With respect to the courts' actions against Trump administration policies generally, one headline in the ABA Journal says it all: "4 federal judges rule against Trump on immigration issues in 1 day".

And while Congress may have written the laws, they have fairly consistently pushed back against the administration's attempts to enforce them. Rather than limit the administration's power in section 212(f) of the INA to issue proclamations like PP9645, the House held a hearing captioned "Oversight of the Trump Administration's Muslim Ban". Rather than providing the administration with $5.7 billion to erect 234 miles of barriers along the Southwest border to impede the illegal movement of migrants and drugs, and allow the Border Patrol to use its limited resources more effectively, Congress provided just "$1.375 billion for 55 miles of bollard fencing," and even that was subject to significant limitations on where and how those barriers could be erected. And don't even get me started (again) on how Congress on the one hand complained about the fact that migrant children were being detained in Border Patrol stations and processing centers while at the same time refusing to fund the Department of Health and Human Services shelters that Congress required (for whatever reason) those children should otherwise be sent to.

Sen.
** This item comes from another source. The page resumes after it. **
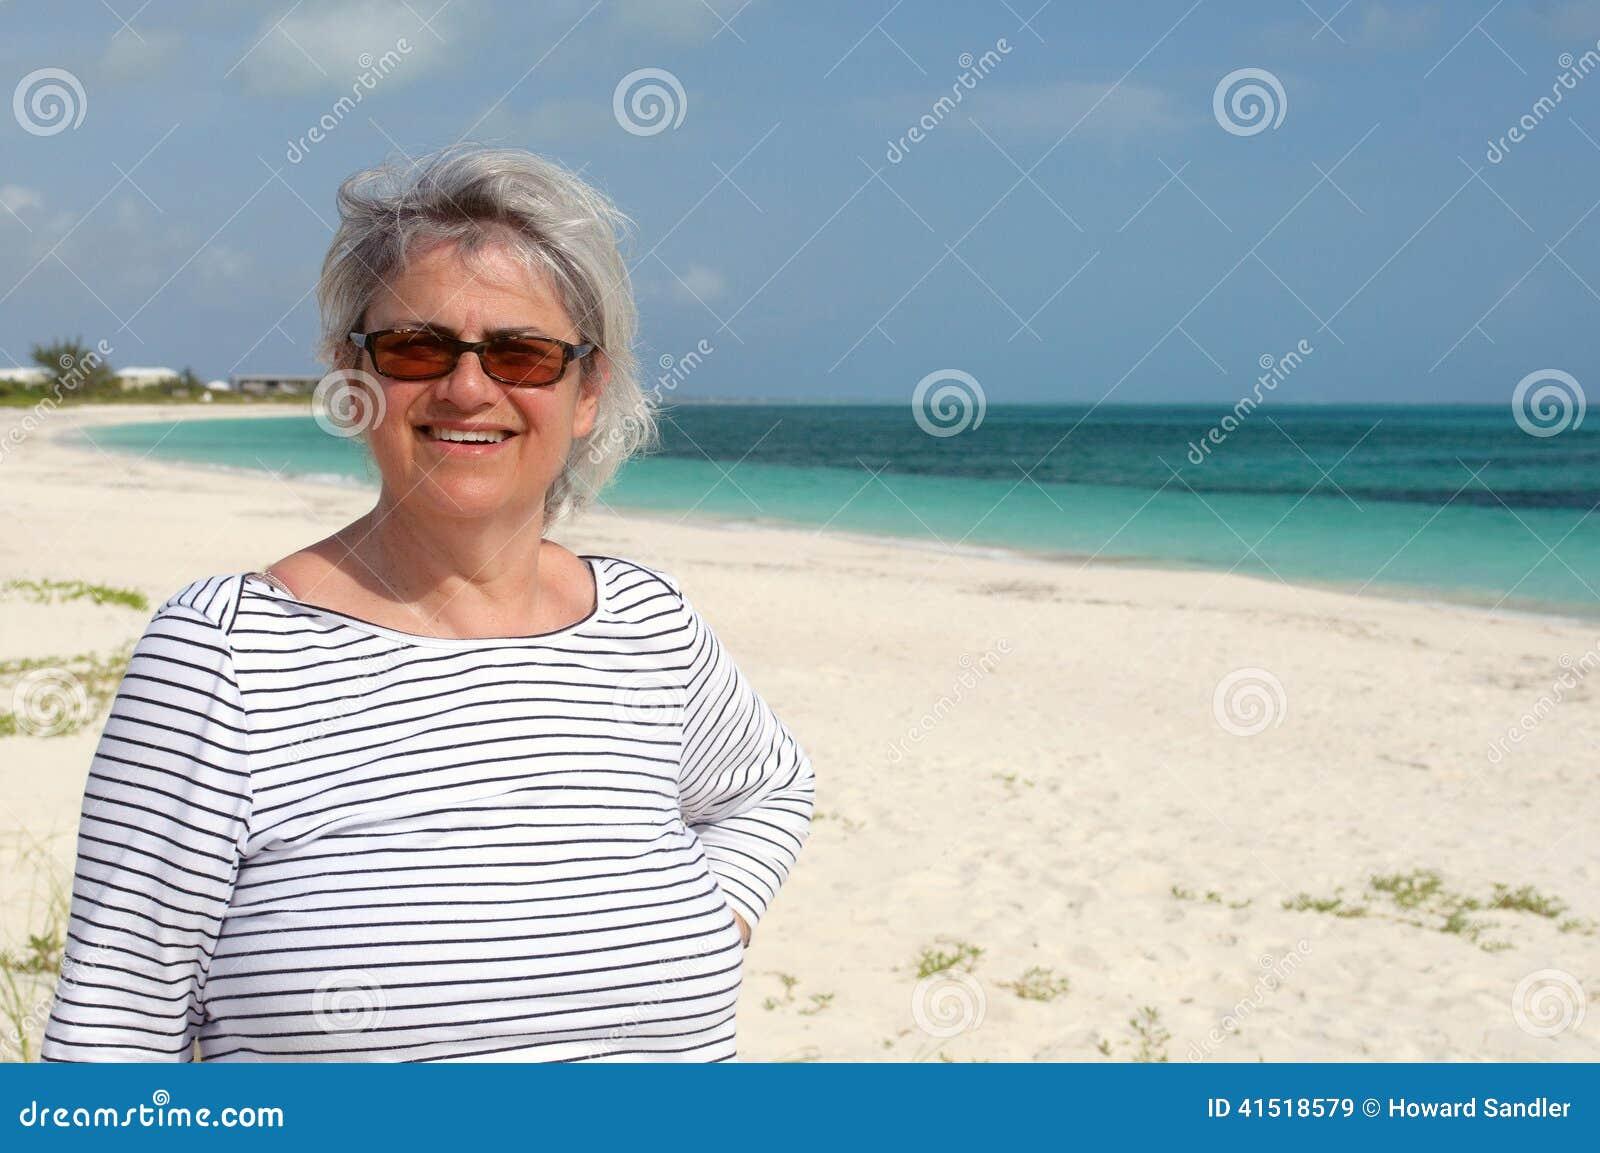 Mujer madura en la playa, turcos y caicos

Bernie Sanders (I-Vt.) complains that "President Trump has turned Customs and Border Protection (CBP) and Immigration and Customs Enforcement (ICE) into a renegade detention and deportation force," while at the same time the administration last fiscal year deported fewer aliens (and a higher percentage of criminals) than the Obama administration did in FY 2011. Not to be outdone, Sen. Elizabeth Warren (D-Mass.) is threatening (if she is elected president) to suspend deportations in order to get "comprehensive immigration reform" (read "amnesty"). Note to both: If you want to change the immigration laws, you actually currently have a job that would allow you to do just that.

Rep. Lucille Roybal-Allard (D-Calif.) has a link on her official webpage telling aliens what to do in case ICE shows up at their houses or workplaces (including the helpful hint: "Don't say where you were born or how you entered the U.S."). "So what?" you say, "She is just one of 435 House members." Did I mention that she is the chairwoman of the House Homeland Security Appropriations Subcommittee, which decides how much money ICE and CBP get each year, a position so powerful that she is known as a "cardinal"? No wonder those agencies lack the funding to do the job Congress told them to do.
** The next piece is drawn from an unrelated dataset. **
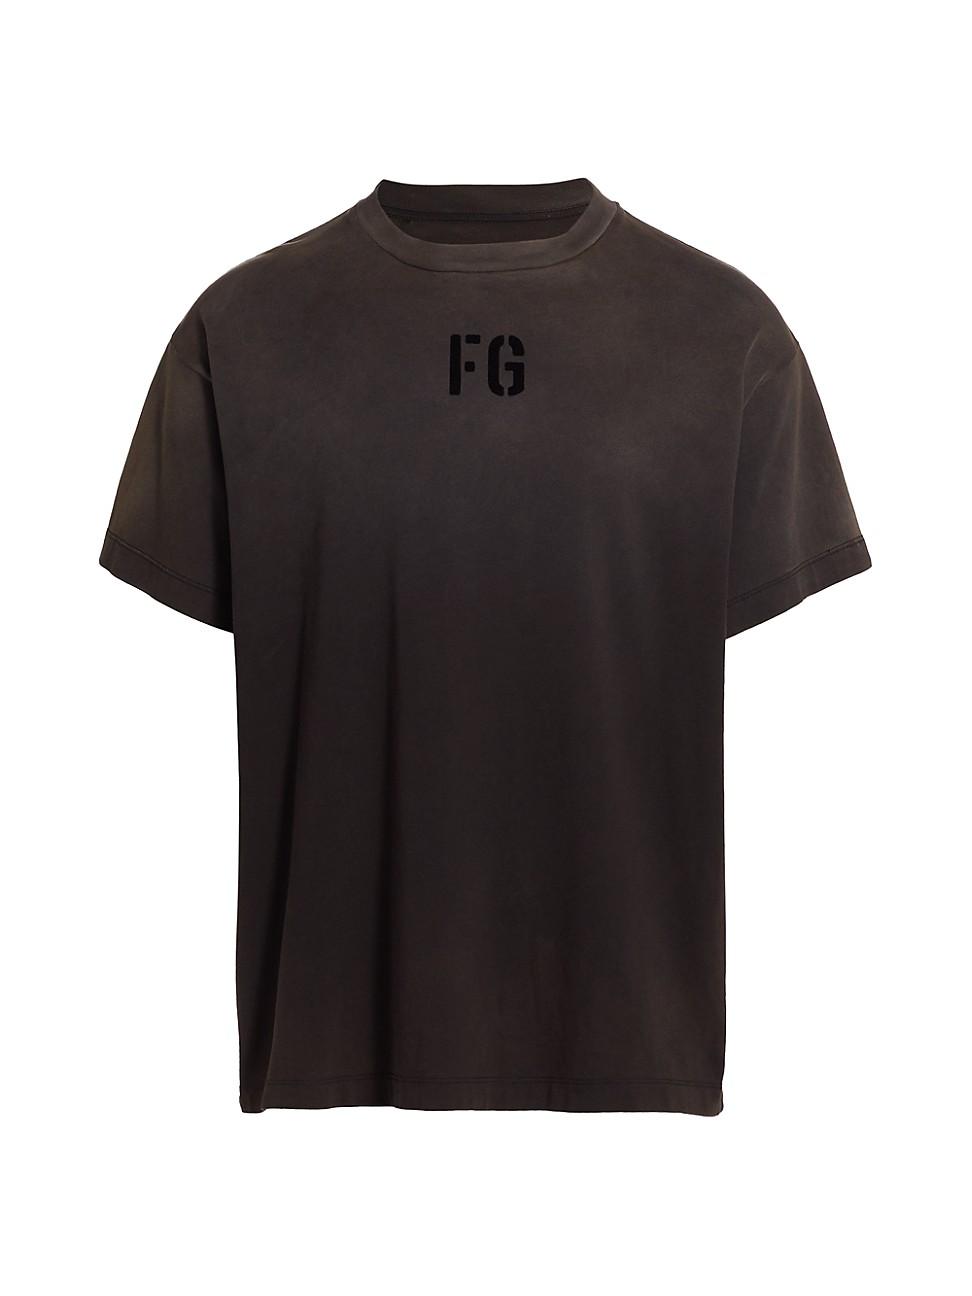 Fear Of God MEN'S FG VINTAGE T-SHIRT

Rather than having the political guts to actually put themselves out there to work with a president they plainly hate to change the immigration laws they don't like (which might actually involve some compromise on their parts), members of Congress prefer to employ straw men and canards to criticize what little immigration enforcement is actually occurring and bleed the enforcement agencies for funding.

I would say that our nation's immigration policy is a rudderless ship, but it plainly has a rudder, and a pilot at the tiller attempting to follow the course Congress has set for him. Between the Scylla of the courts and the Charybdis on Capitol Hill, however, it is tough sailing, indeed.